Me gustaba obedecer, así que estudié lo que me dijeron y mostré una curiosidad maníaca por todos los saberes provechosos. Siendo niña, me aparté de los niños para sonreír a los adultos, pero a veces me cansaba y me torcía sin querer.
Entonces abandoné el cálculo, la química, la gramática, y leí muchos poemas aunque seguí estudiando porque así me lo dijeron.
Unos cuantos títulos después, me apartaba de los adultos siendo adulta para sonreír a los niños, y escribía en el poco tiempo libre que me dejaba rendir todo el tiempo.
Mi fuerza laboral había empezado a emanciparse de sus objetivos materiales y trabajaba cada vez por menos: gratis es la forma cristalina, me decía, más pura del trabajo.
Porque siempre hubo alguien que llenara el frigorífico, me convertí con treinta y cinco años en una trabajadora mantenida –igual que lo habían sido mis abuelas, que conocieron tan pocos amantes como gobiernos– y seguí sonriendo, especialmente a mis empleadores.
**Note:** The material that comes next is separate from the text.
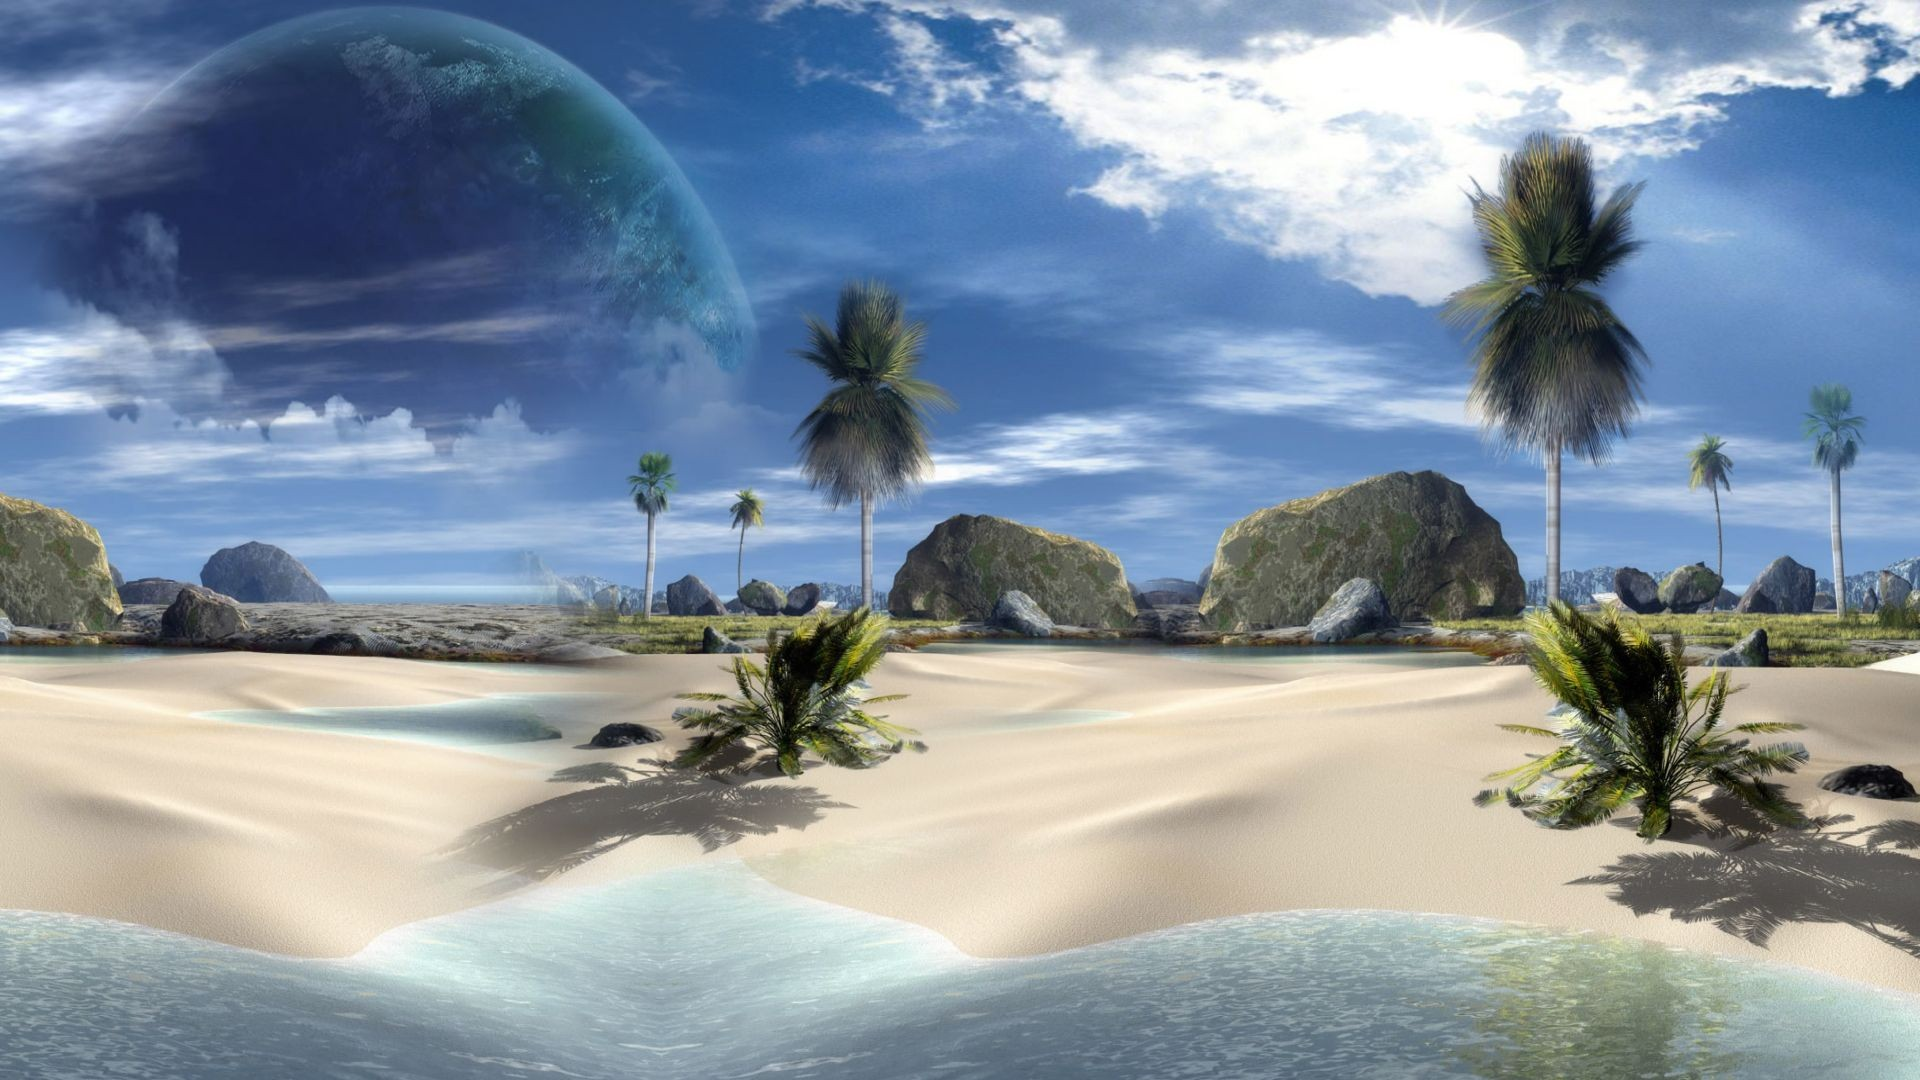 Hd Tropical Island Beach Paradise Wallpapers And Backgrounds: Wallpaper Landscapes Beach Tropical HD

Pero a veces me cansaba y me torcía sin querer.
De tanto propagarse, lo torcido acabó por alcanzar mis versos, que hurgaban roedores en la basura. Hasta que perdí a mis patrocinadores íntimos, incluso mi devoción por el trabajo. Aunque no este empuje bruto que dice y tropieza, seguro de que existen palabras que se comen.
Erika Martínez. En (Tras)lúcidas. Poesía escrita por mujeres (1980-2016). Edición de Marta López Vilar. Bartleby, 2016.
Imagen: Mijail Smodor. Galich, 1933.